-
use a json lib: e.g. https://github.com/nlohmann/json
-
it is possible to replace boost gzip stuff with: https://github.com/mateidavid/zstr
-
run web query processing in seperate thread
-
think of storing ngram->id id->ngram things ngram -> id could be: hash(ngram) -> id, with using id -> ngram a == check can be performed
- for hash use: haesni or something else
-
faster import:
- 1 thread reads from stdin and collect lines in vector, if "full"
- another thread imports to phrasit
-
python3 binding
-
add mechanism that multiple instances of one storage folder can be started or throw a message that is not "seg fault"!
-
performance improvements:
- use multiple inverted index instances for faster answering queries, for each pos_and_n one inverted index
- do some index compression (inverted index post lists can be compressed easyly)
- build an additional header file for pos_and_n start positions for each key
- pos_and_n= 10*pos + n values are: {1,..,5}{1,..,5} therefore 25 combinations
- inverted index compression and post list skipping, or a better intersection operation
-
query processing after operation expansion can be done parallel
-
improve operators, so that nesting [ [] ] or { {} } will work or will be disallowed
-
solve seq fault, if n gram is not stored
- import 1+2+3 sample and run a * query -> seq fault
-
add compactation call for optimizing leveldb:
- https://github.com/google/leveldb/blob/master/include/leveldb/db.h db->CompactRange(NULL, NULL);
- done for all large leveldb instances (freqs, ids)
-
performance: a * needed time: 162067 ms (bottleneck: sorting)

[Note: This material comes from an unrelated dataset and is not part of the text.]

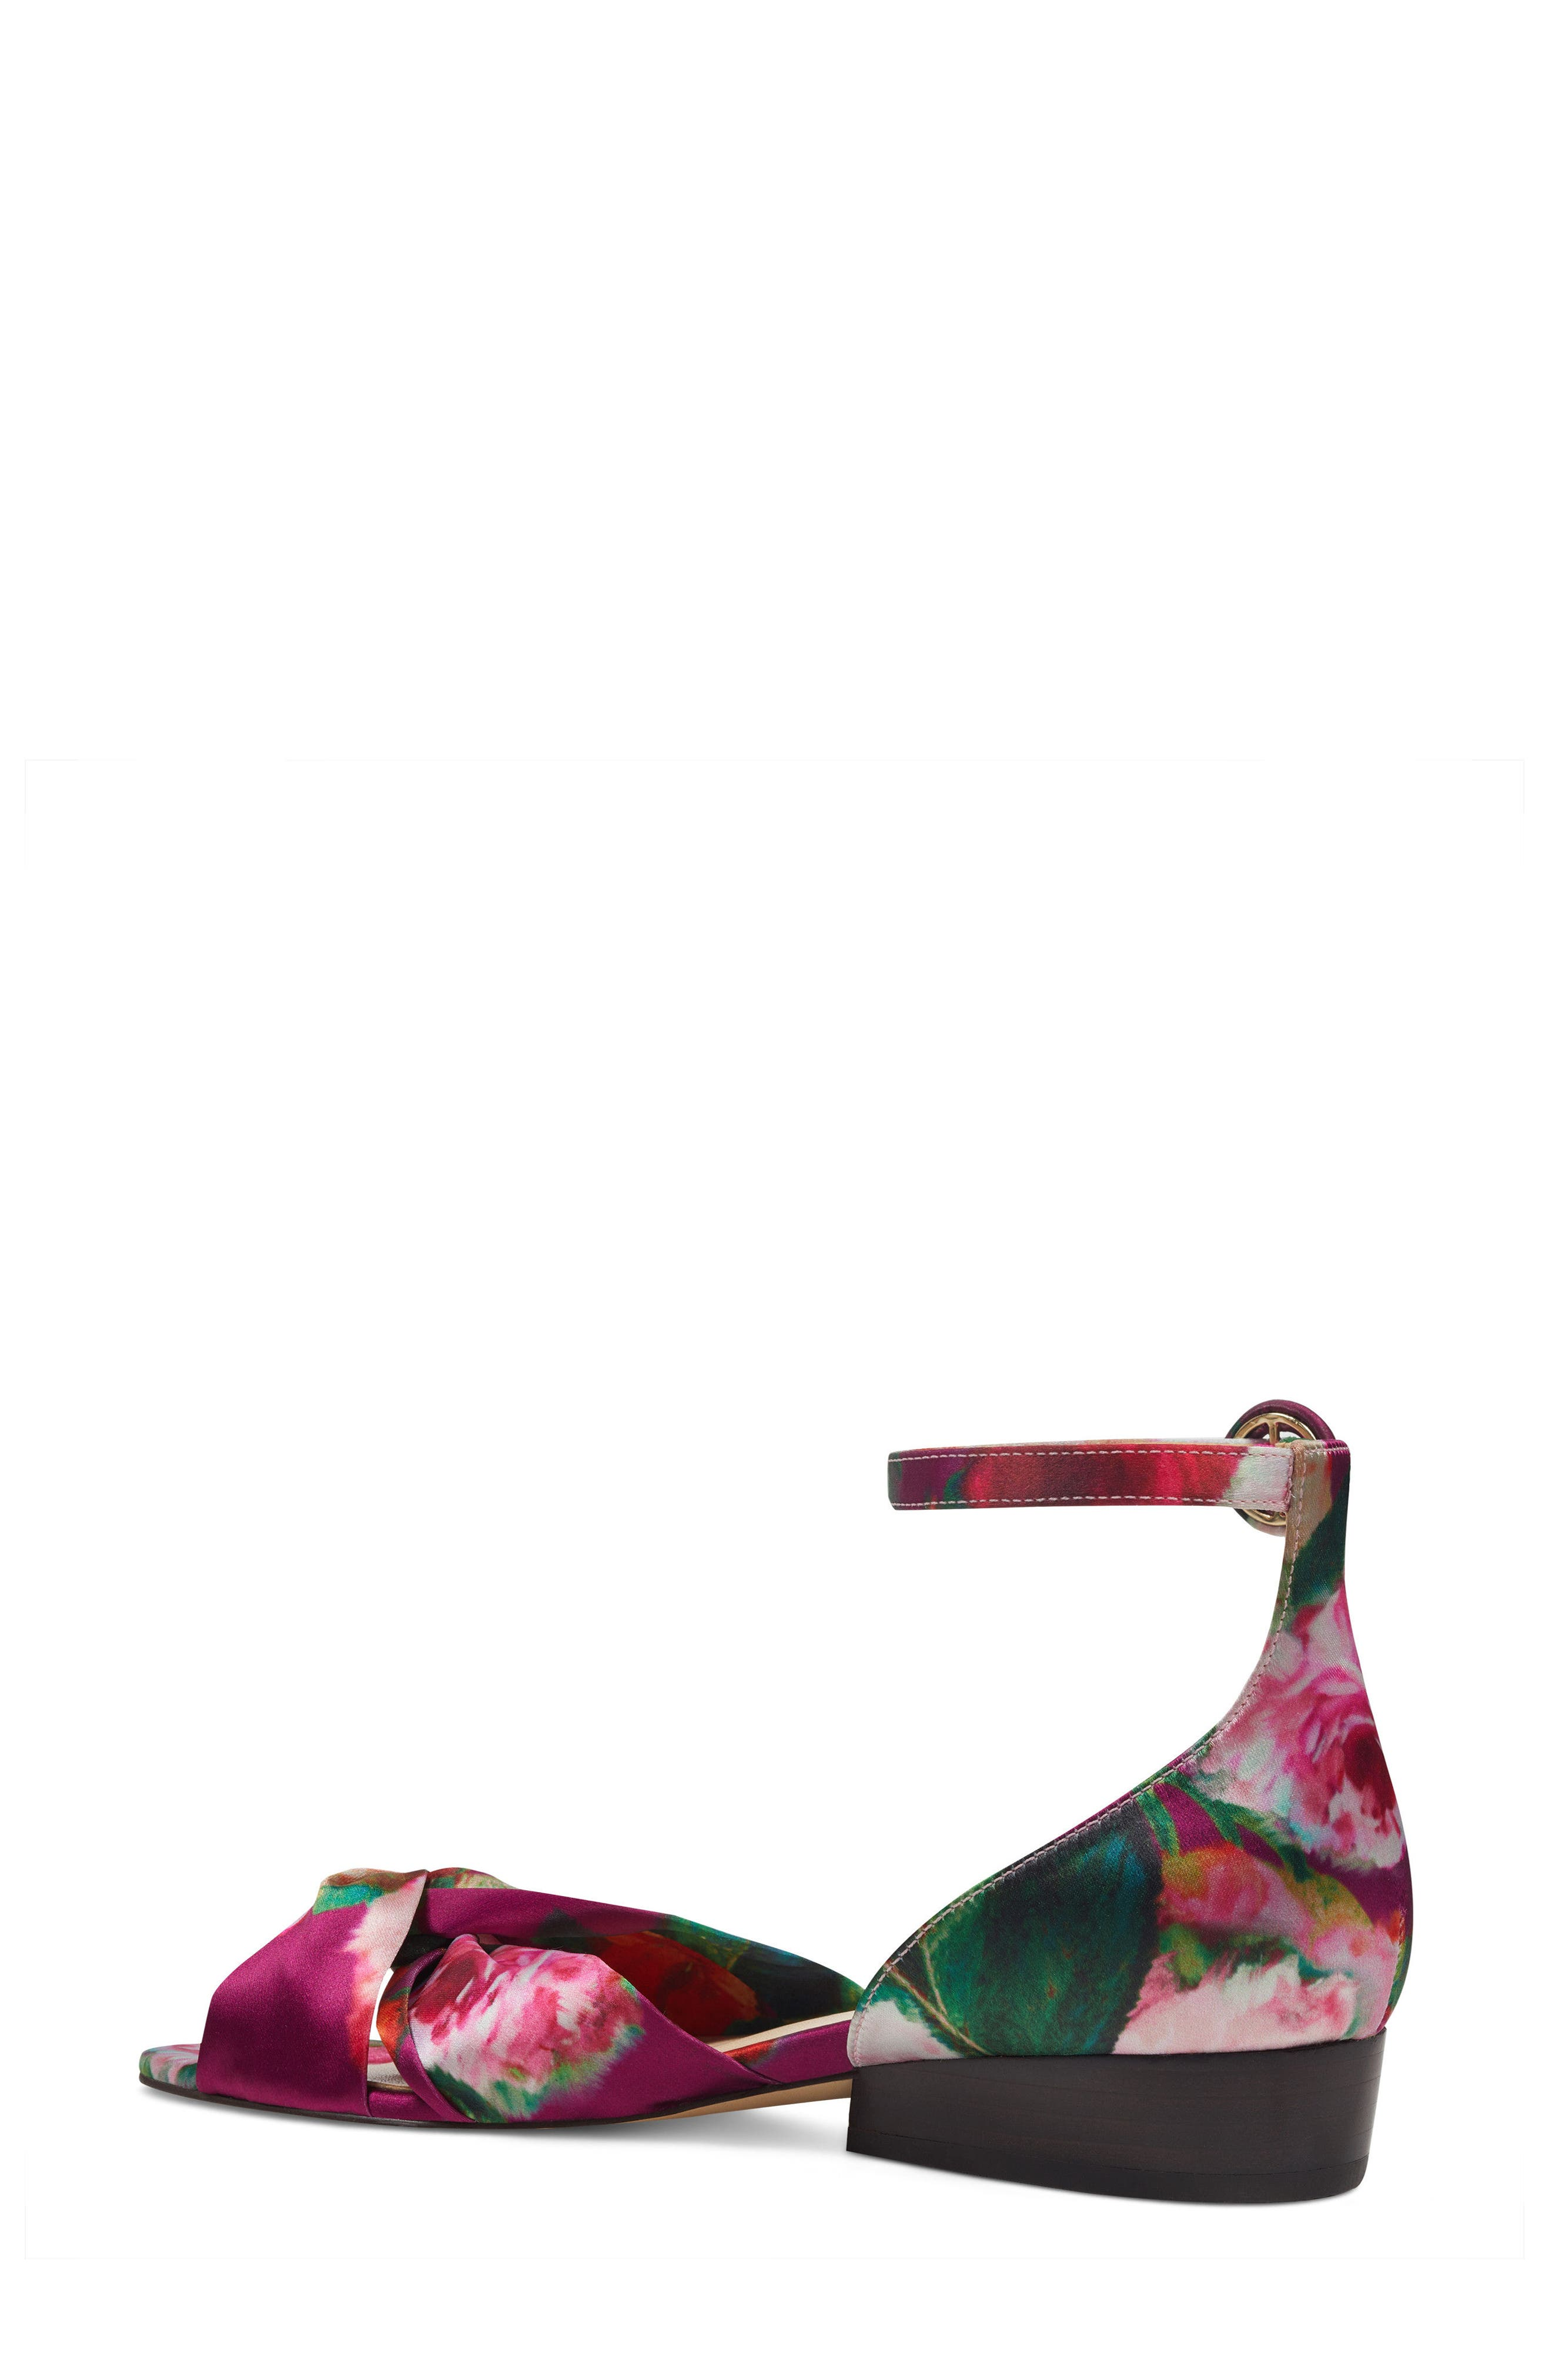 Lumsi Ankle Strap Sandal,                             Alternate thumbnail 2, color,                             Pink Multi Satin
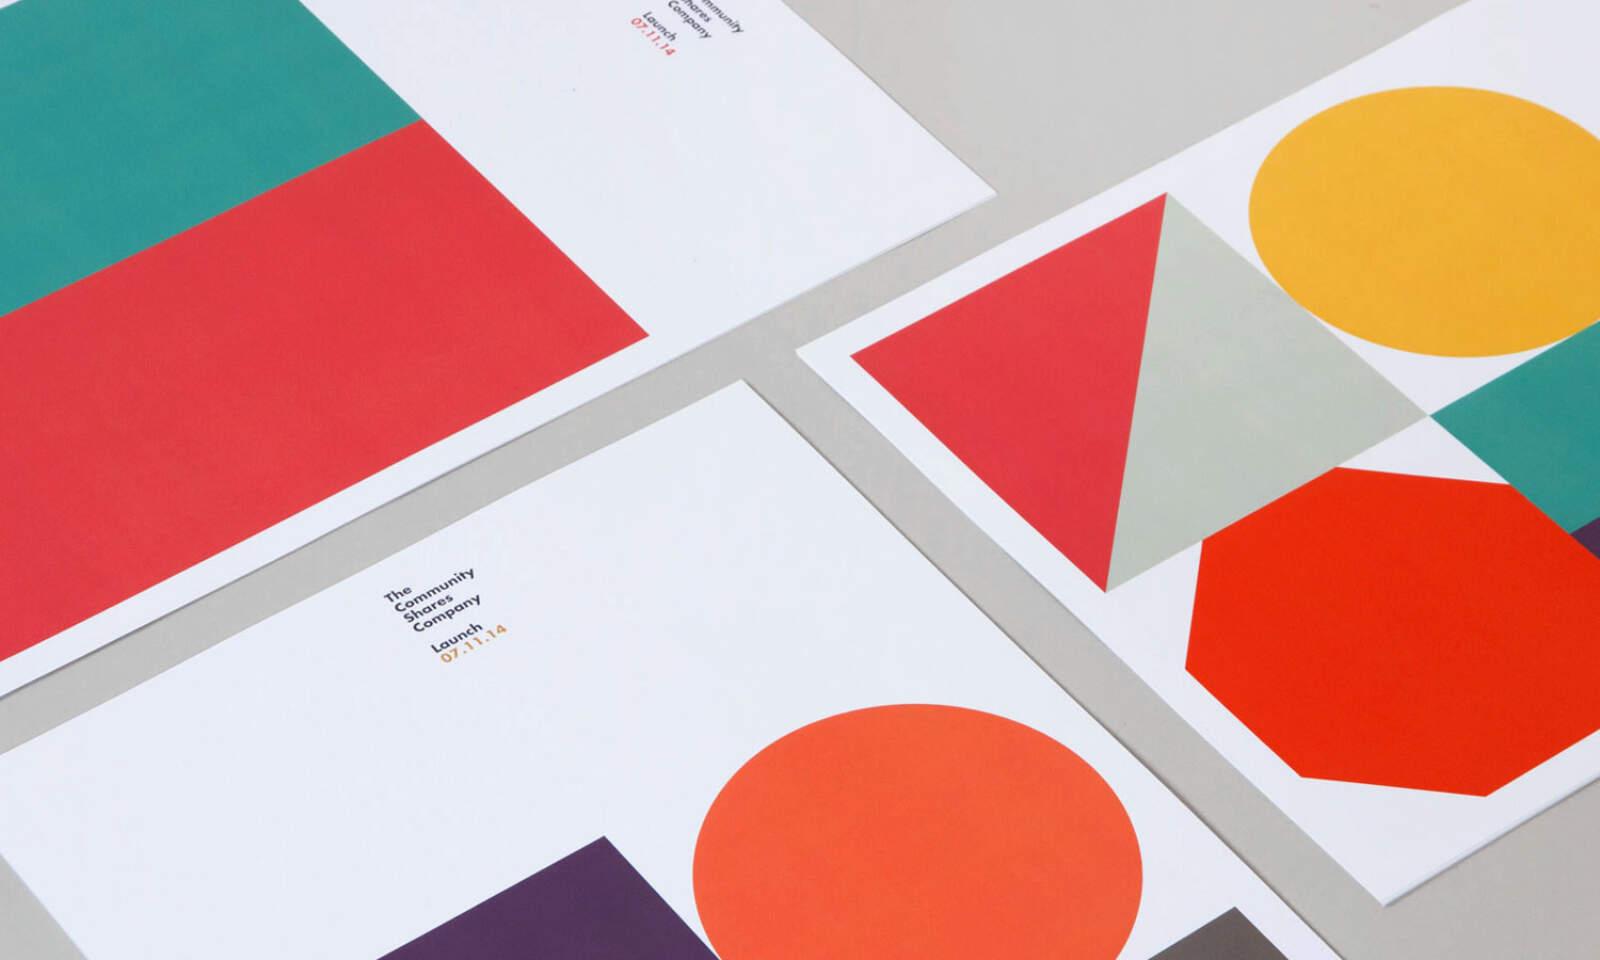 Community Shares geometric branding system, used across printed stationery.

with first sort all freqs as tuple: 140556 ms 238s with quickselect: 247805 ms -> bad 135 s -> now phrasit uses caching
-
replace boost::filesystem with stl filesystem
-
just store n_gram_and_pos in seperate file instead of:
- store start pos for each n_gram_and_pos in separate file, -> n_gram_and_pos must not be stored
-
use gzip files for external sort and _tmp, _sorted
- [INFO ] sort_test.cpp@117 : needed time: 37598.8 external sort, without gzip
- [INFO ] sort_test.cpp@128 : needed time: 99727.5 with gzip fast
-
build unittests based on "test.cpp" skeleton
-
add Licence GPLv3 to all files
-
SEG Fault importing just a few ngrams: missing close call for _tmp file
-
query log file: per default: storagedir/_query_log
-
dataset generator, e.g. using pdfs as input to generate ngram-> freq files (see ngram-extractor)